Population (30 June 2025)
- • Total: 15,509
- • Density: 36.978/km^{2} (95.773/sq mi)
- Time zone: UTC+1 (CET)
- • Summer (DST): UTC+2 (CEST)
- ISO 3166 code: SE
- Province: Scania
- Municipal code: 1266
- Website: www.horby.se

= Hörby Municipality =

Hörby Municipality (Hörby kommun) is a municipality in the central part of Skåne County in southern Sweden. Its seat is located in the town of Hörby.

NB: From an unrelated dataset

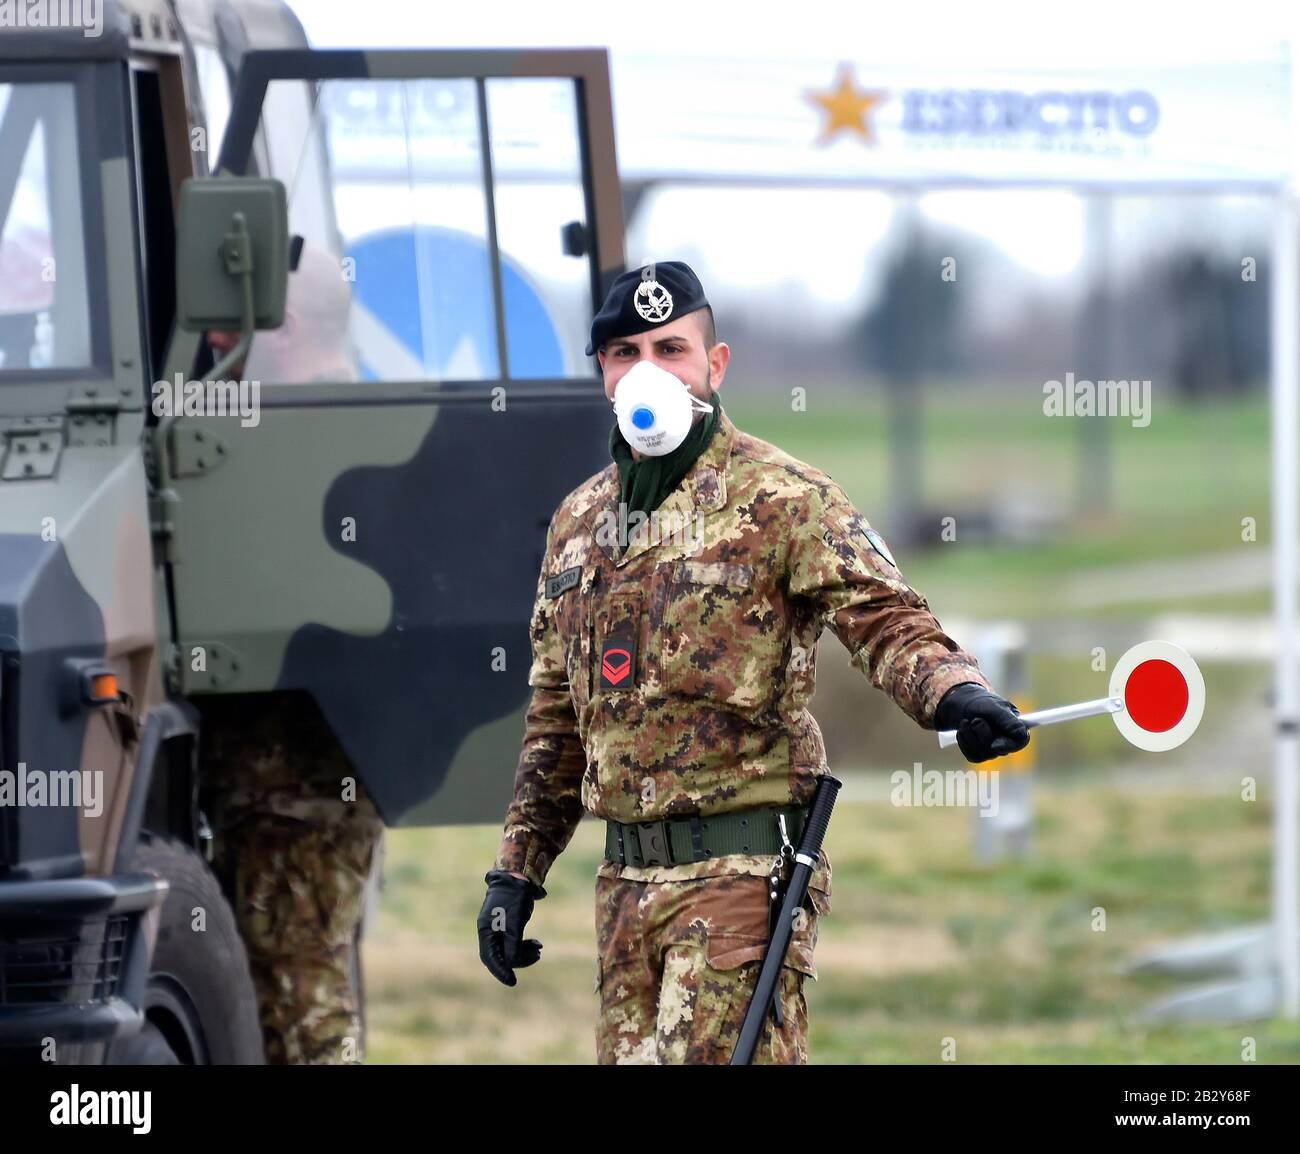 Turano Lodigiano. 4th Mar, 2020. An Italian Army soldier checks transit to and from the cordoned areas in Turano Lodigiano, Italy, Feb. 27, 2020. Italian authorities on Tuesday confirmed 2,263 coronavirus cases, which marked an increase of 428 infections compared to the previous day. The figure did not include recoveries or fatalities, whose numbers were provided separately. Credit: Xinhua/Alamy Live News Stock Photo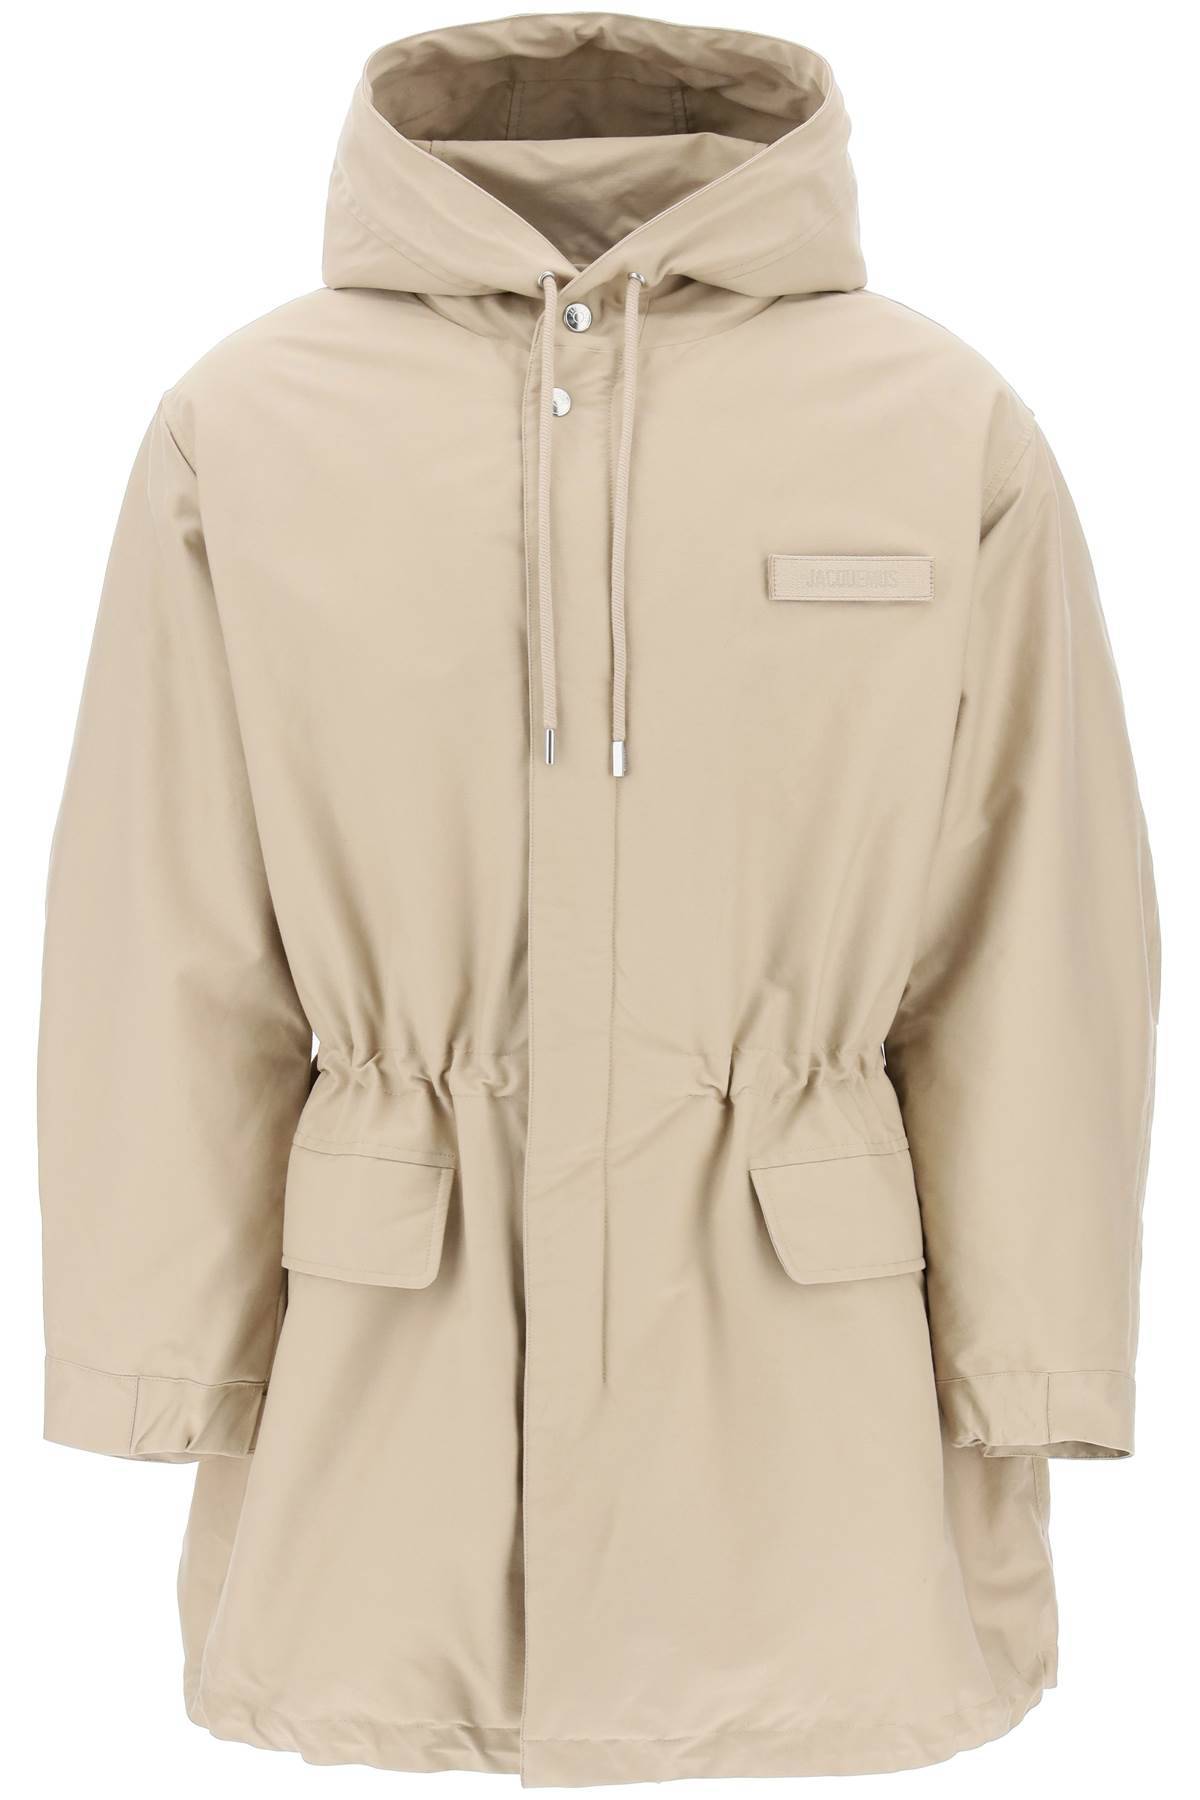 Jacquemus JACQUEMUS padded parka 'the brown

The present municipality consists of ten original entities merged to each other in 1952, 1969 and 1974.

==Geography==
The geography is varied with a few forests, some lakes and streams and farmland and even wildlife. Hörby is one of the most meadow-filled municipalities in Sweden.

===Localities===
There are 3 urban areas (also called a Tätort or locality) in Hörby Municipality. In the table they are listed according to the size of the population as of December 31, 2005. The municipal seat is in bold characters.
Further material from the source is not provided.